ロイドはヒューの期待に応え、八村塁らを含めた、優秀な留学生を集めてきたことは以前書きました。→こちら
これにより、好成績をおさめたゴンザガには、今度はアメリカの有望選手の方から入学希望が寄せられるようになったわけです。*その中でもベストと言われるのがジェイレンサッグス
限られたリソースの中での、「創意工夫」により花開いた、あまりにも見事なプログラムではないでしょうか。
なんだかんだ言いながら、NCAAトーナメント優勝校はハイメジャー校が独占しています。
notハイメジャー校の優勝は、、、1990年のUNLV。ですが、ラスベガスは西部有数の規模を誇るメジャー。ゴンザガとは比較になりません。
もう1つ遡ると、1977年優勝のマーケット。ですが、マーケットもやはり大規模校。
となると、さらに遡って1966年。映画「グローリーロード」で有名なテキサスウェスタン大学(現在のテキサス大学エルパソ校)。
実に55年ぶり。
ワシントン州スポケーンにある小規模私立校、ゴンザガの初優勝は達成されるでしょうか。
<参考>
とはいえ、ゴンザガの予算30億円というのも、とんでもない数字です。
日本の大学とは比較にならないですが、Bリーグをみてみましょう。
「営業費用」が最も高いのは、アルバルク東京。
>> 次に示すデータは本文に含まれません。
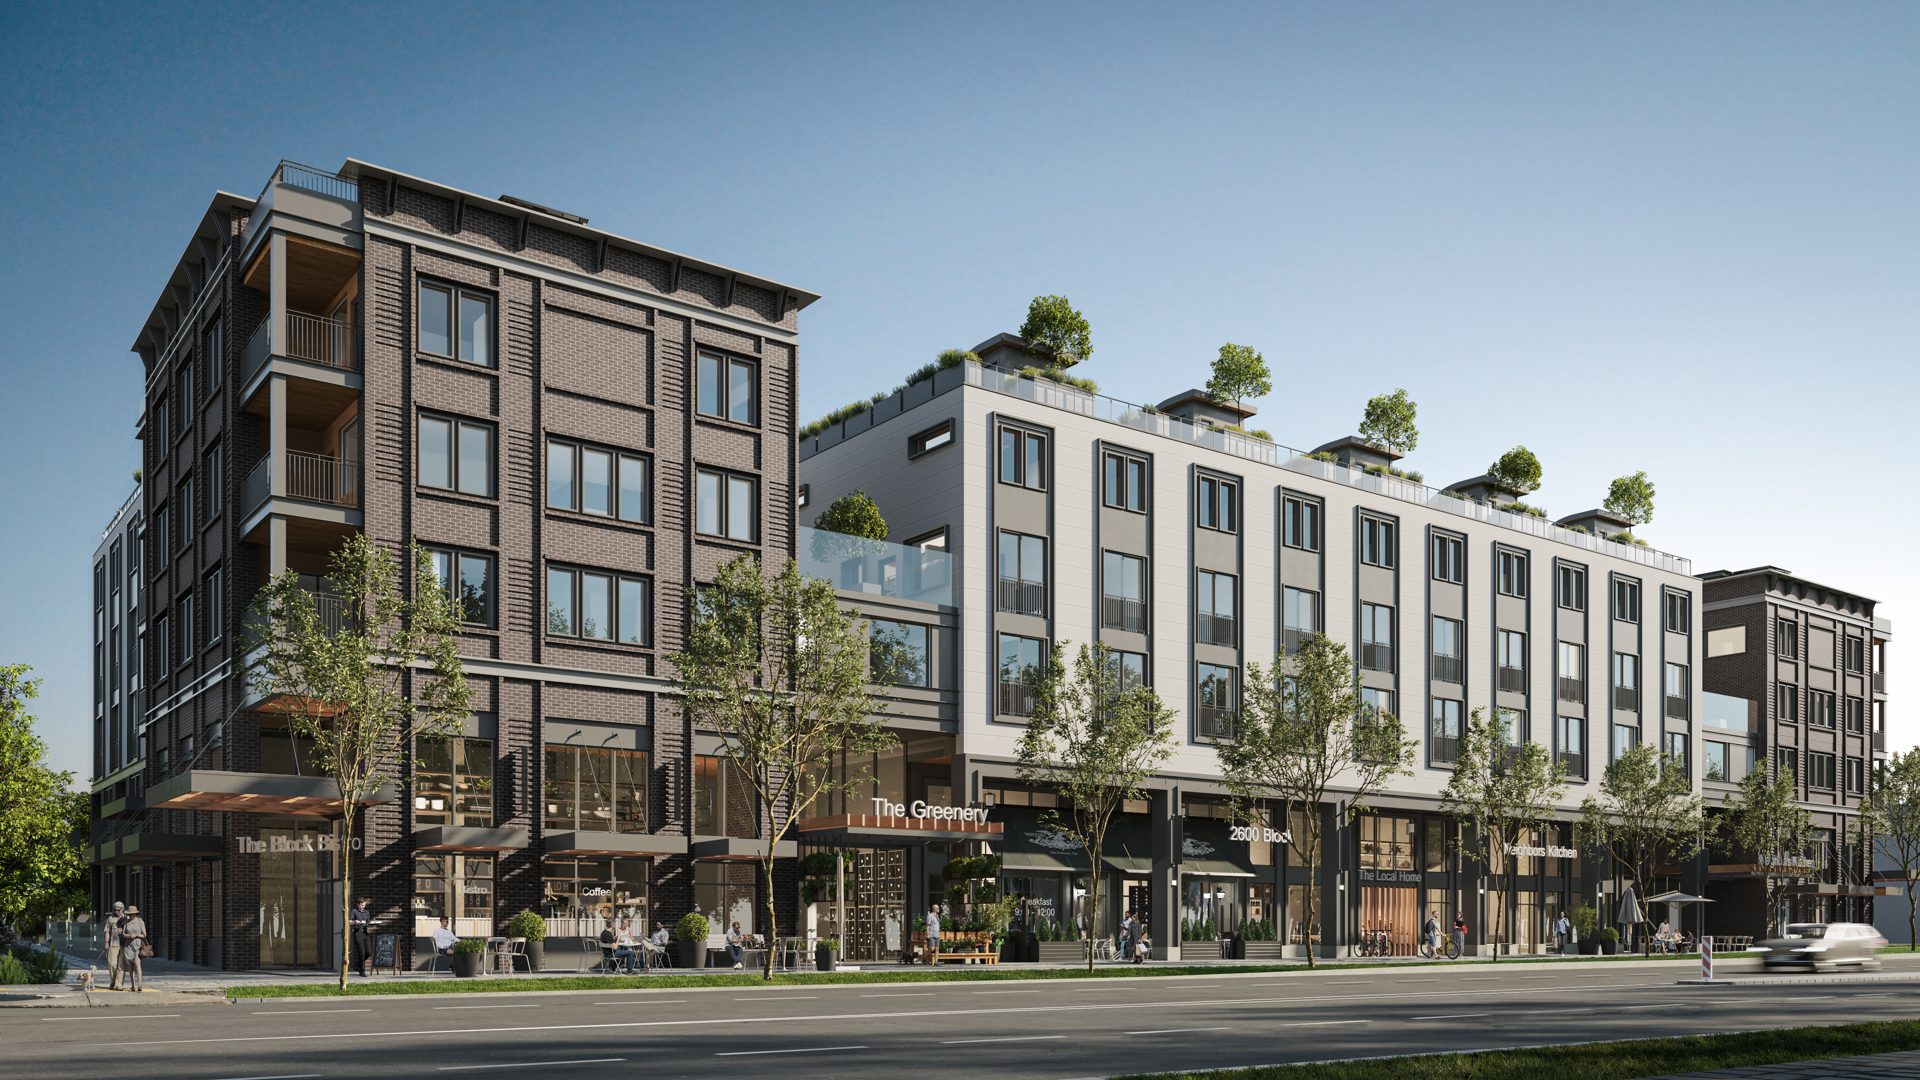 A 5-storey, mixed-use building consisting of ground-level retail, condominiums, and townhomes.

その数字は約15.5億円。
→ゴンザガ大学アスレティックデパートメントの決算書(2018-2019)
*NCAAスクールは「選手の人件費」ゼロ。
*ゴンザガ大学アスレティックデパートメントのバーシティスポーツは、男女合わせて16(男子バスケットボールが占める割合が大きいのは間違いないですが)。